Where is the most remote land the Vikings ever conquered?

Where is the most remote land the Vikings ever conquered?

In less than 300 years, from Scandinavia they have set foot on at least 4 continents to conquer and trade with other civilizations. How far have they gone and why are they so passionate about discovery?

ssentially, the Vikings’ biggest motivations were power and wealth. Professor of medieval archeology Alexandra Sanmark at the University of the Midlands and Islands (UK) said:

“The Vikings understood very well what was happening in England and throughout the British Isles at that time. They knew there was much wealth to be won and they traded with the people of this area for a long time. Then one day they realized that there was no need to buy, sell or exchange anymore, they could rob.”

First, during the Viking Age (approximately 793 to 1066) they organized armies of men who sailed from Scandinavia during the summer months to conduct raiding campaigns and returned home in the fall.

Over time, they began to settle down in new lands, expanding settlements along important conquest routes.

There were periods when the Vikings controlled large areas of land, with the exception of Cnut the Great’s North Sea kingdom. Archaeologists call the Vikings pirates.

There are many generals and lords who sometimes cooperate with each other to form powerful armies, or sometimes they conduct separate conquests, depending on the benefits they see. There is no national pride here, merely personal power and personal wealth.

The first westward raids were raids in northern Scotland, where they quickly controlled the entire population and established Viking-style regulations.

Where is the most remote land the Vikings ever conquered?
Where is the most remote land the Vikings ever conquered?

From this springboard, they made short sea voyages to the nearby Hebrides and Faroe islands very easily, and finally reached Iceland in 870.

Perhaps most impressively, around the year 1000, they made their first Atlantic crossings to southwest Greenland, and then to Newfoundland in Canada via a 3,900 km long voyage from their native Norway. .

But while that achievement confirmed the Vikings’ exceptional seafaring skills, evidence also shows that they did not stay long on North American lands.

Archaeologist Ellen Naess of the Museum of Cultural History in Oslo, Norway, says we don’t know for sure why they stopped living in Newfoundland, but the fact is that it was so far from home and The resources are also quite similar to what they can find at home so there is probably no motivation to explore further.

However, the Viking conquest to the east had a completely different character.

Taking full advantage of traveling by water, Viking warriors crossed the Baltic Sea and along mainland rivers in Eastern Europe and Russia, passing through today’s Kiev region of Ukraine and Novgorod region of Russia in 900s and then down to Constantinople in the Byzantine Kingdom and Baghdad in present-day Iraq around the year 1000.

The civilizations here were completely new to the Vikings and they must have been surprised to see the buildings, clothing and artefacts. Here, the Vikings mainly conducted trade and exchange rather than plunder. They settled down with local people and became very powerful people.

In fact, it’s possible that the Vikings traveled much further east than archaeologists have been able to prove.

Archeology professor Sanmark said: “We can trace them through burial practices, settlements or documentary sources, and also the things they brought back to their Scandinavian homeland.
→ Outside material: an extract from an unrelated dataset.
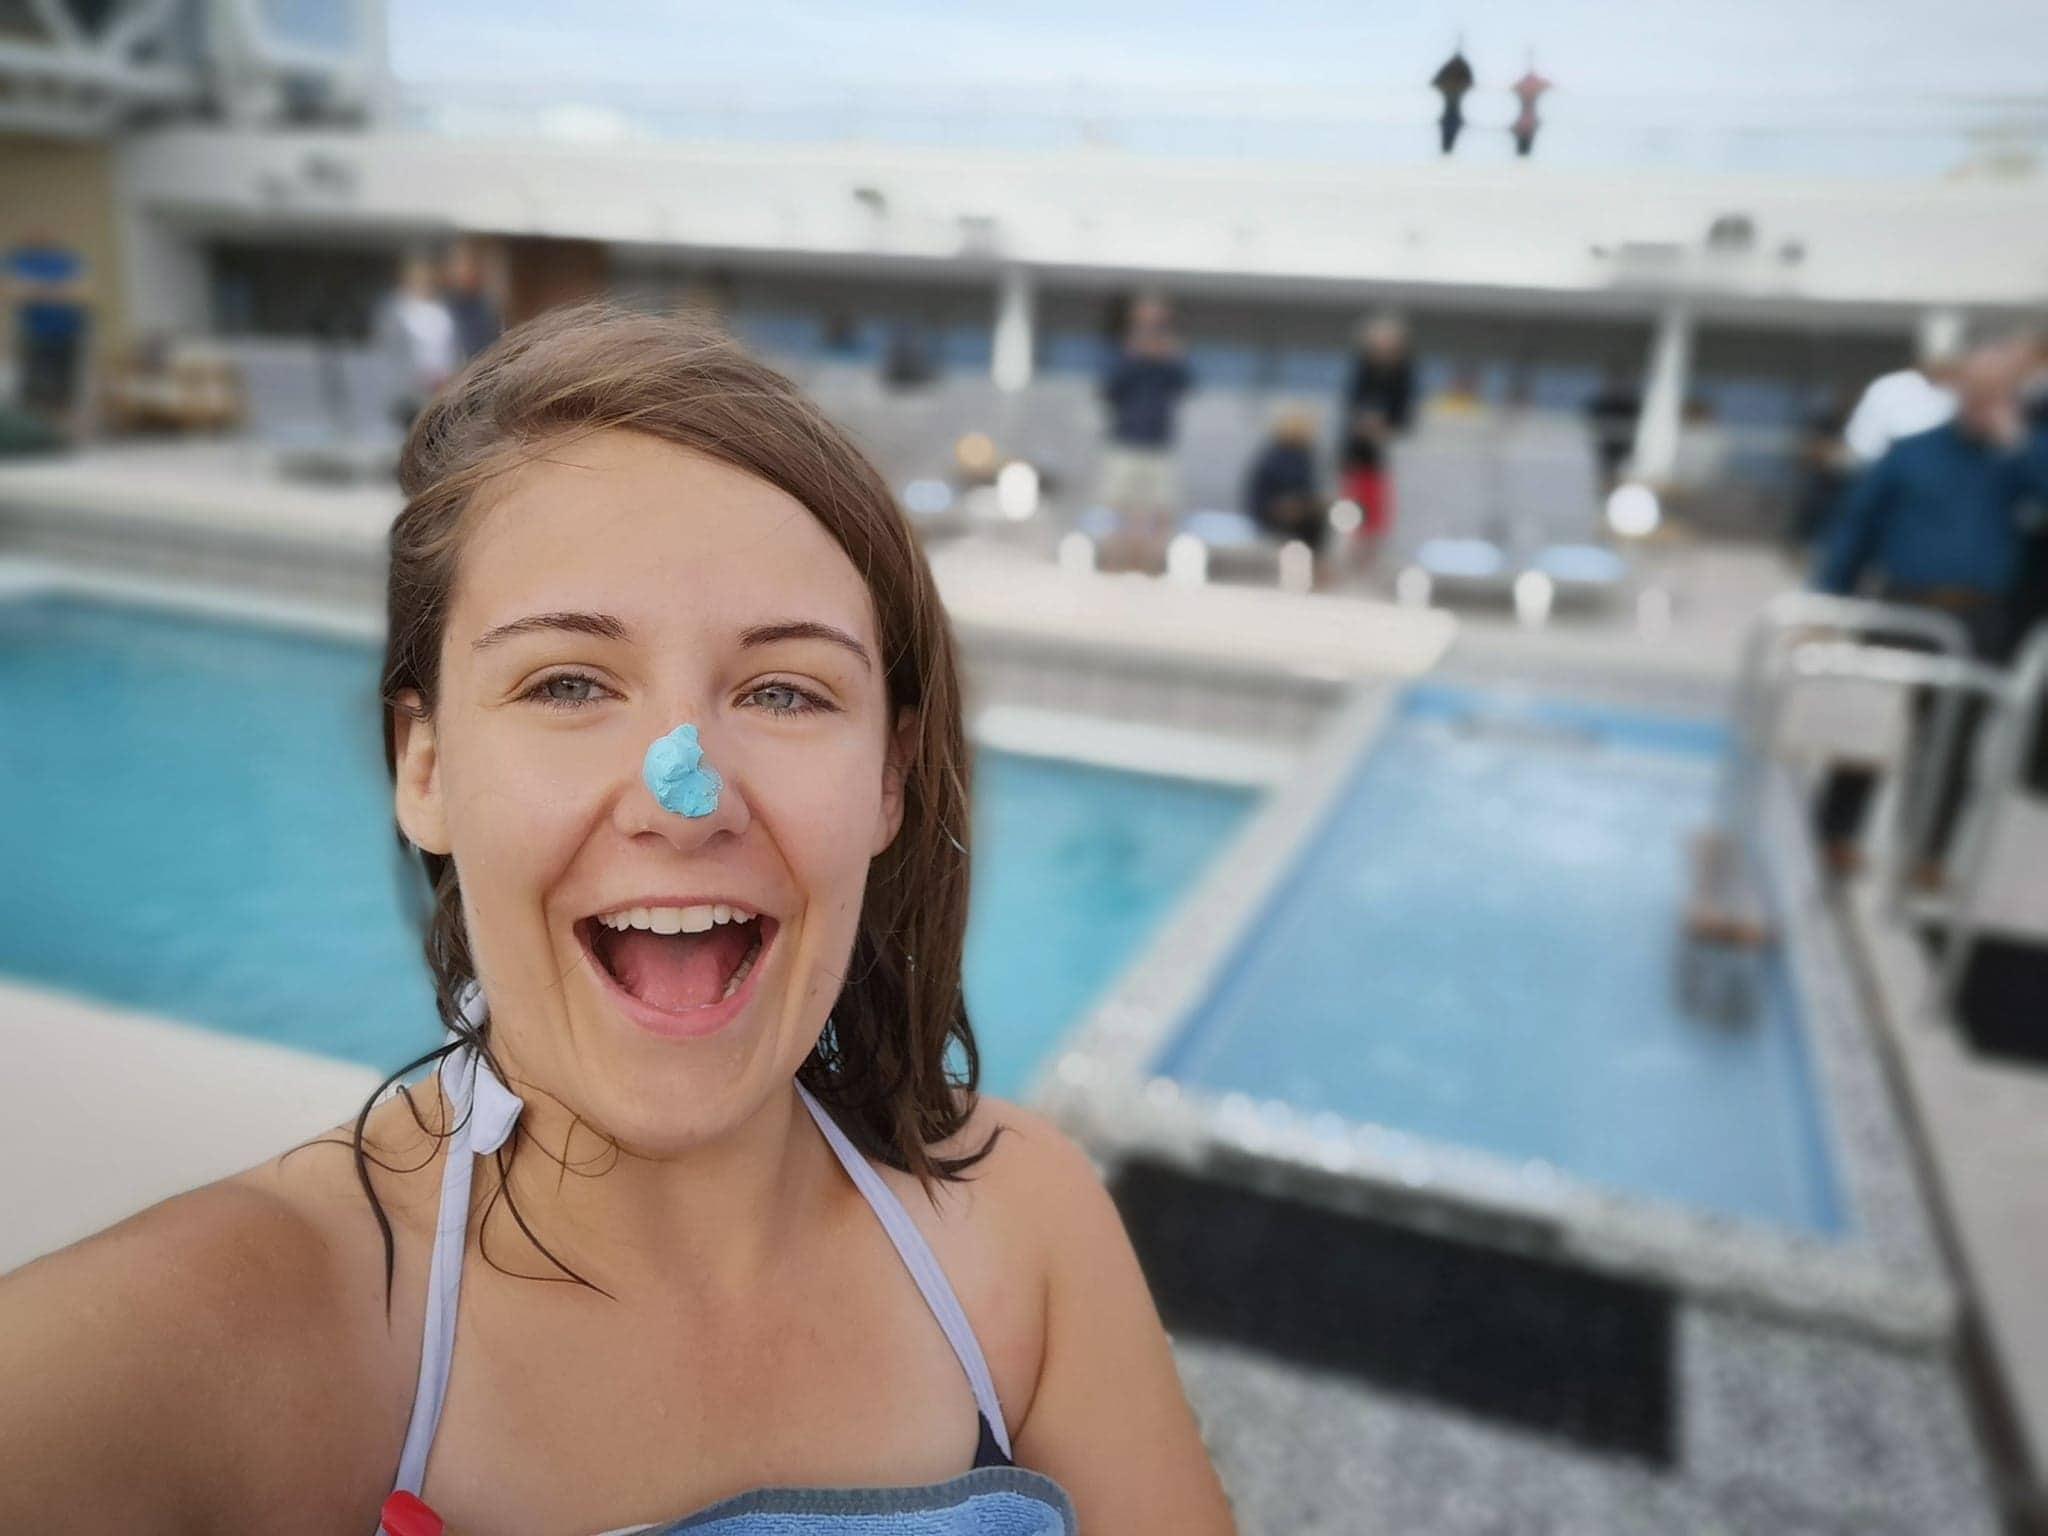 viking cruises blue nose ceremony bluenose ice pool swimming blue cream arctic circle blue cream on nose

In Sweden, there are also Chinese silk, but we cannot confirm how far they went to get this silk. However, it is clear that they had contact with China and India. There is no doubt about it. all this.”

The conquest to the South left less of an impression. They traveled around the northern coast of Francia in what is now France, the Iberian peninsula in what is now Spain and Portugal, and finally along the north coast of Africa in the early 11th century. However, due to very harsh dry conditions that limited waterway transportation , they did not try to cross the Sahara to go further to Africa.

The Viking Age gradually ended around the middle of the 11th century with the development of political relations with other cultures and the expansion of Catholicism, which changed social concepts. But it must be said that in their 300 glorious years, the Vikings left a clear mark in world history.

Archaeologist Naess assesses that in terms of geographical distance, Newfoundland may be the furthest place they have set foot on, but in terms of culture, Baghdad is a greater journey of the Vikings that perhaps we do not know yet. run out of.